How Do I Test Structured Output Reliability?

Run your prompt template against 50 to 100 diverse inputs and measure schema compliance rate, not just whether the model returns JSON at all. Track which fields fail most often, whether failures cluster around specific input patterns, and whether one retry resolves them consistently.

Structured Outputs: Make Your AI Agent Stop Guessing

Your agent worked perfectly in testing. Then it hit production.

Same prompt, same model, same call. But this time the booking tool receives { "confirmed": true } and the next call sends { "should_confirm": true }. Your router throws a TypeError. The customer's appointment never schedules. Your agent says goodbye like everything's fine.
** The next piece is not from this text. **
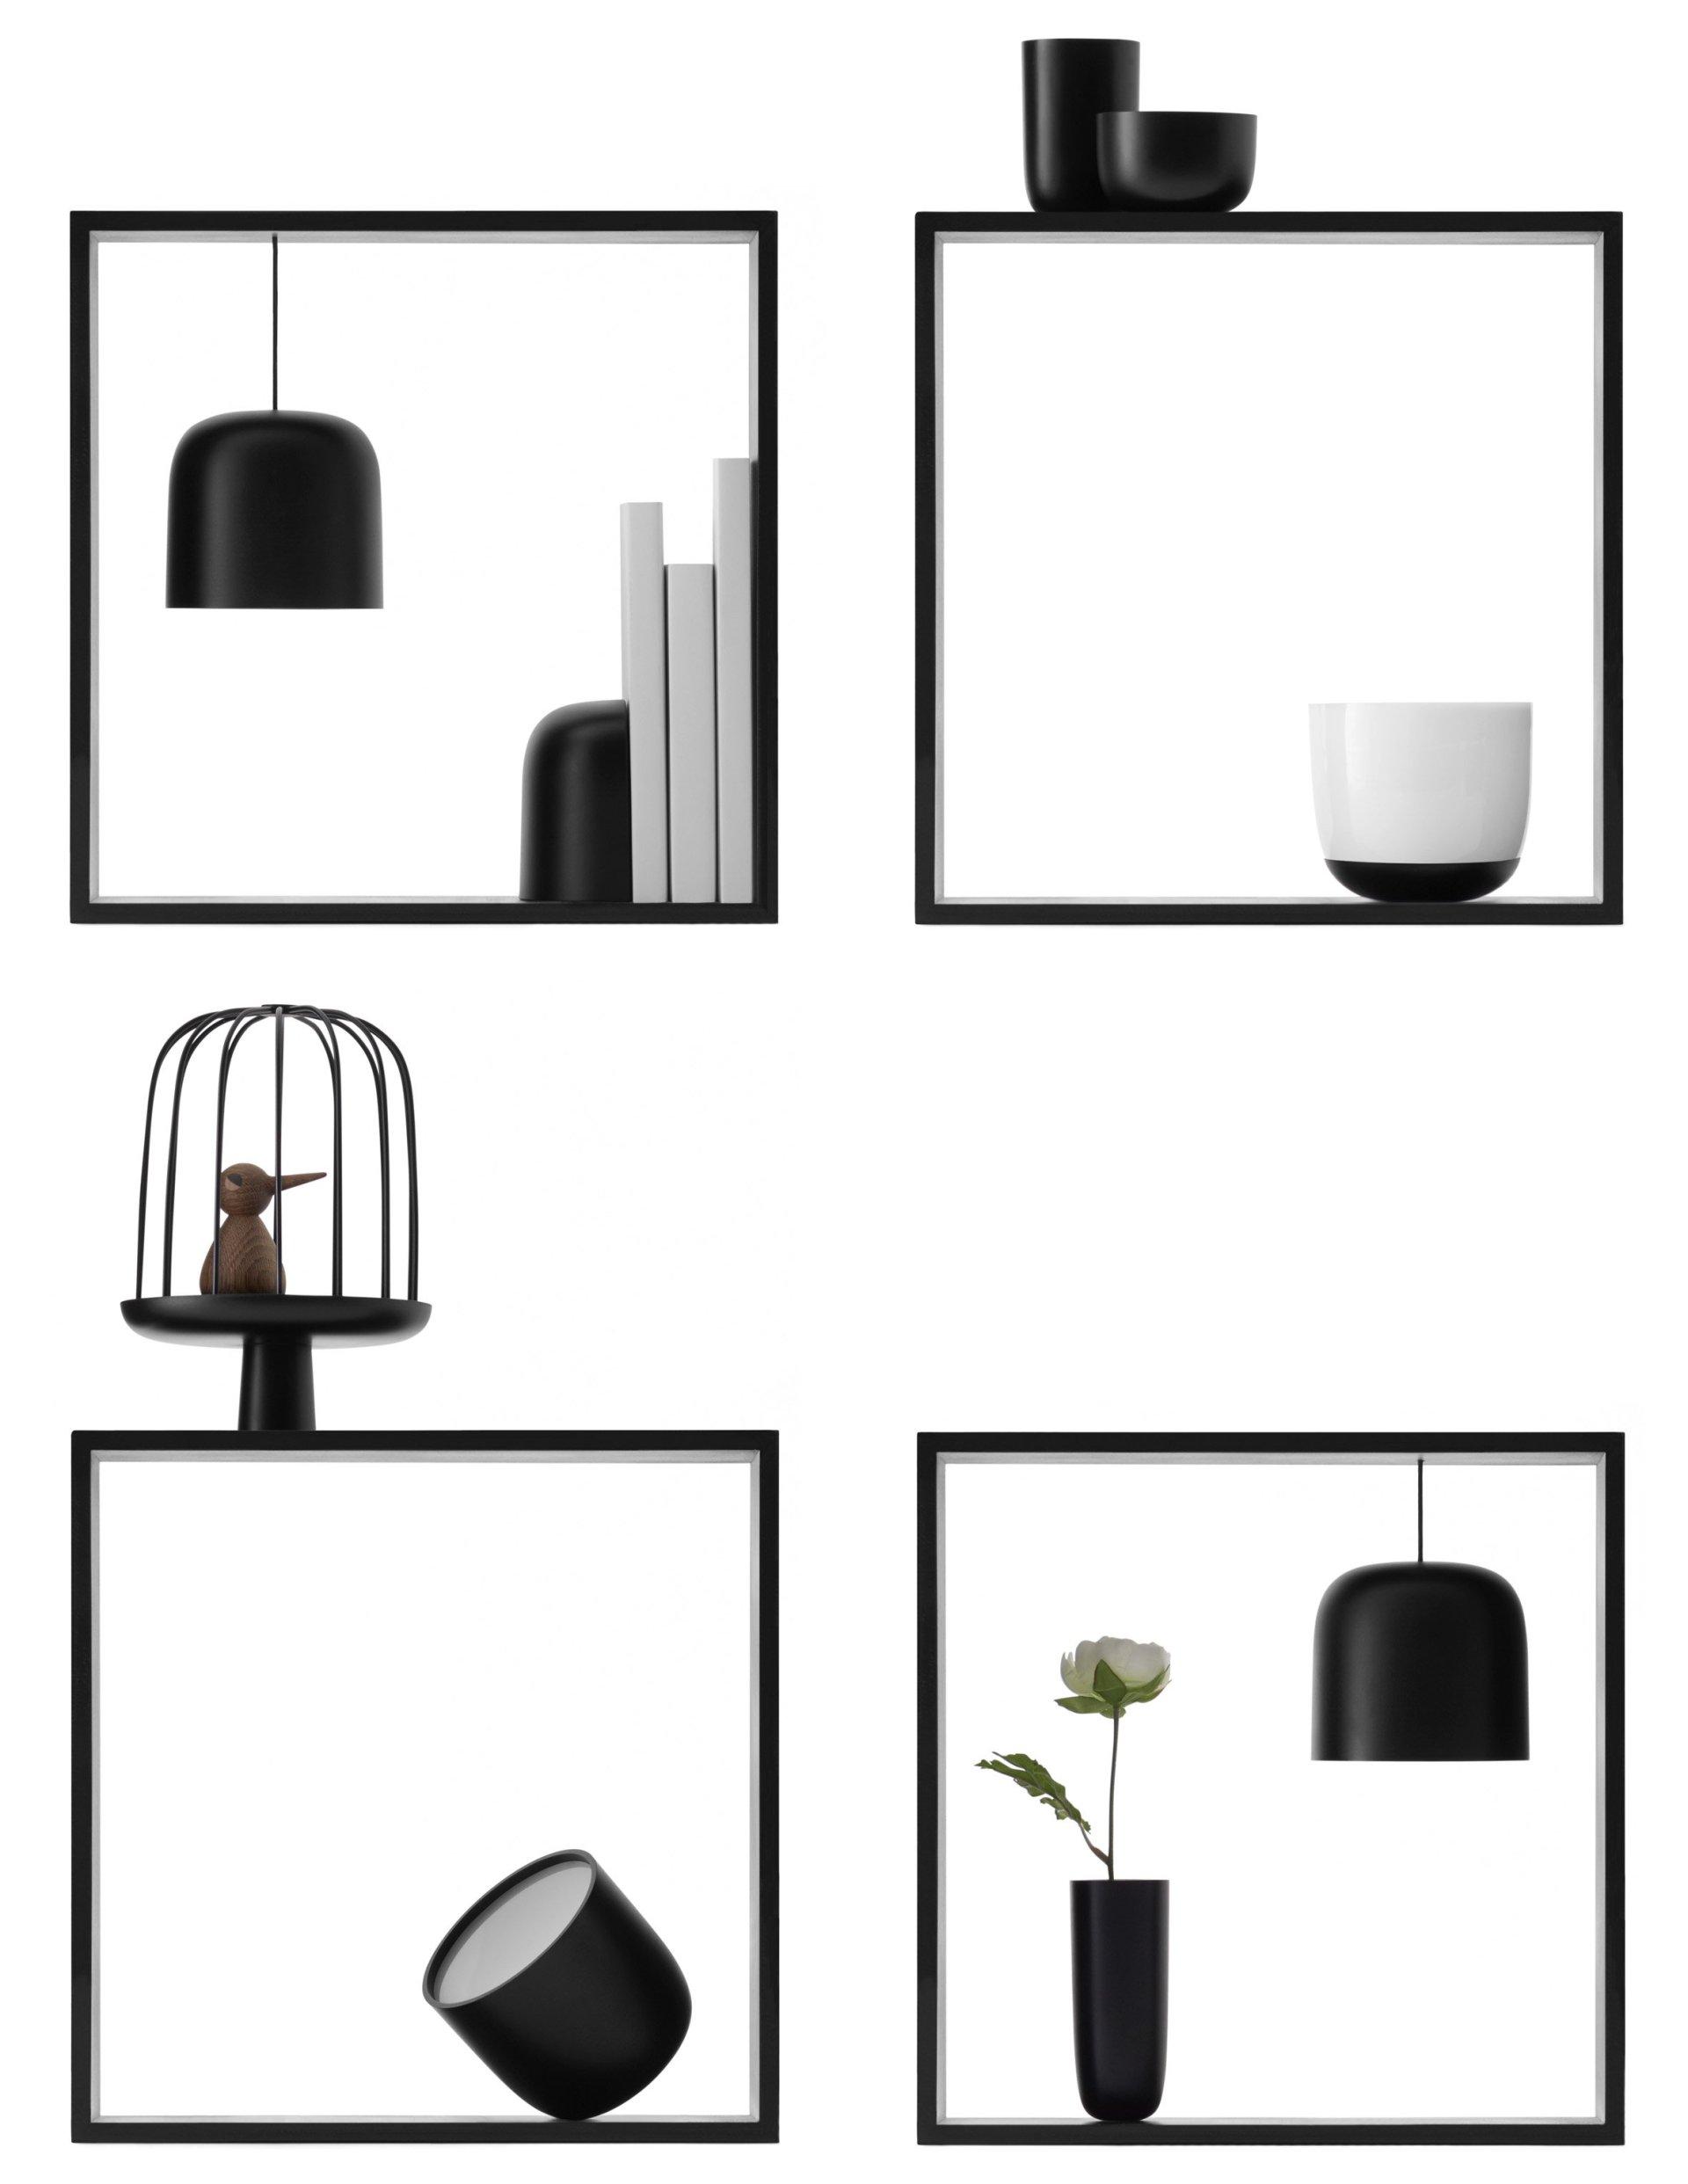 lighting-euroluce-milan-design-week-_-gaku_nendo-_dezeen_2364_col_3.jpg
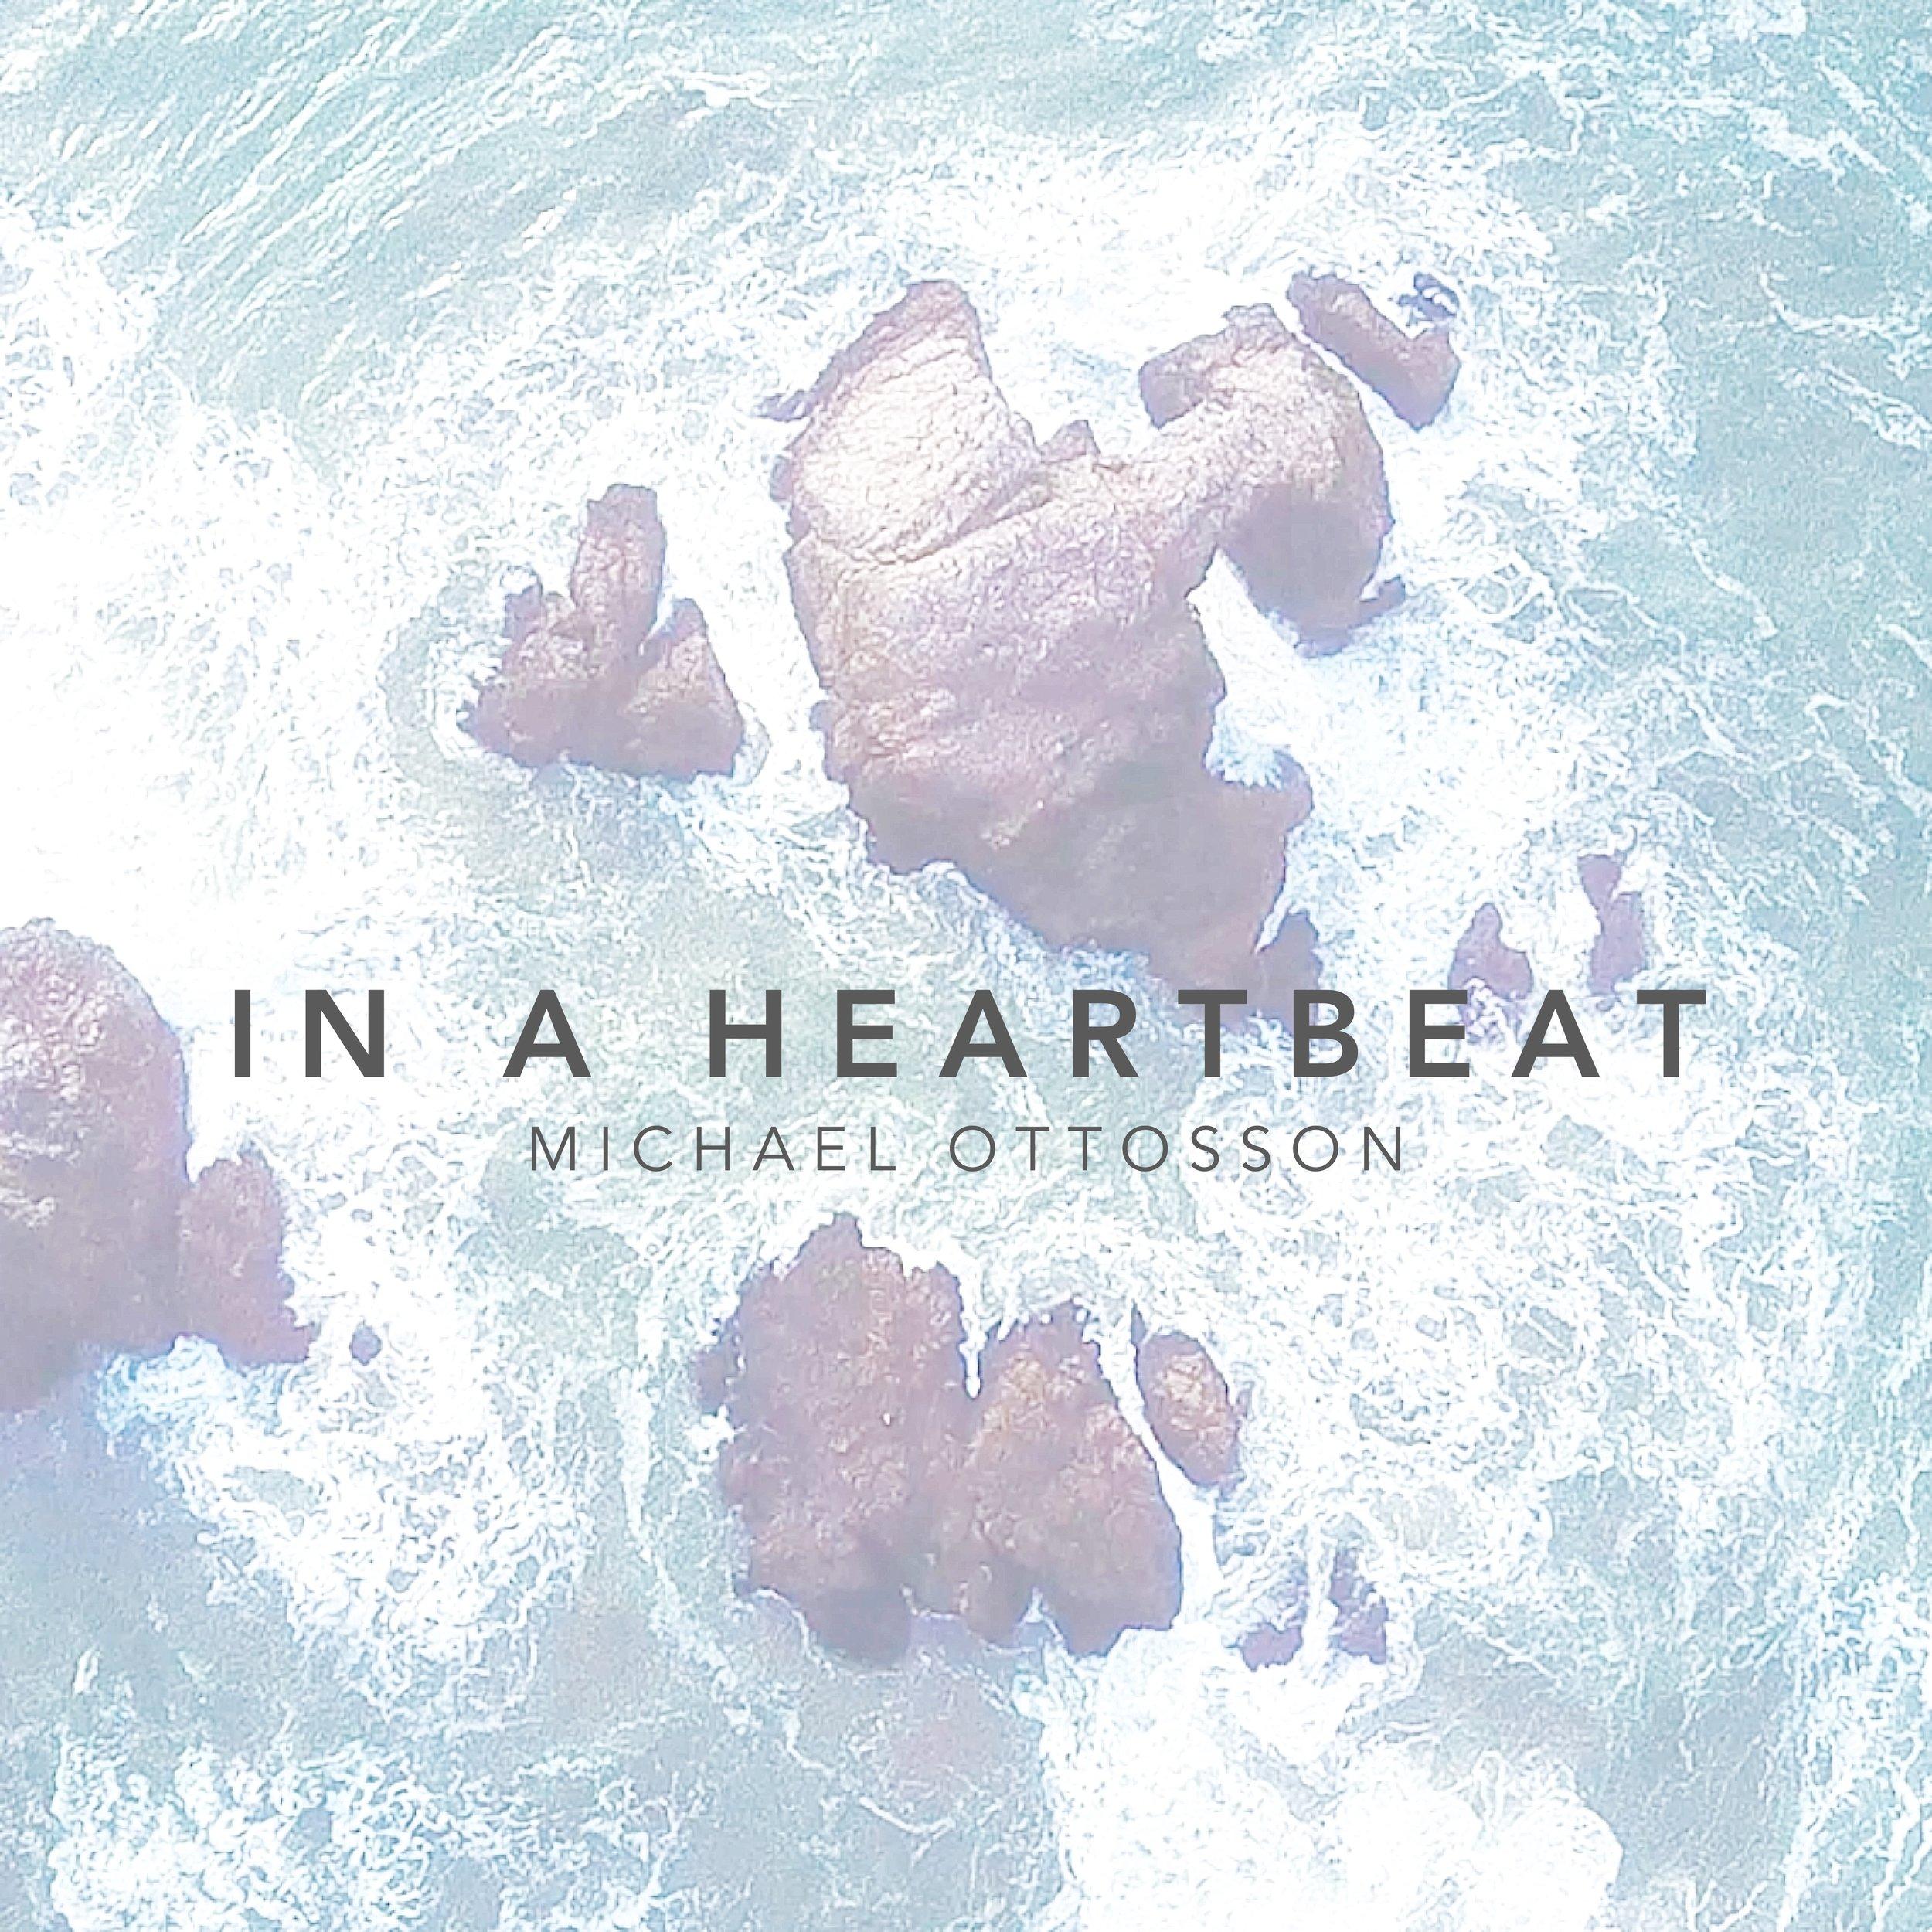 In a heartbeat - Album cover 3.jpg

You didn't have a reasoning problem. You had a formatting problem.

Most agent failures that look like reasoning errors are actually parsing errors in disguise. The model knew what to do. It just said it in a slightly different shape than your code expected, and nothing caught the mismatch. Structured outputs are how you fix this, and the fix is simpler than most teams realize.

Why Plain JSON Parsing Fails in Production

Without any output enforcement, free-form completions fail JSON parsing often enough that you'll see it daily in any agent doing meaningful volume. Industry write-ups put the rate roughly in the high single digits to low double digits of calls, depending on prompt quality and model. JSON mode tightens that by guaranteeing syntactically valid JSON, but you still get a few percent schema mismatch because the model can swap field names or nest things differently across runs.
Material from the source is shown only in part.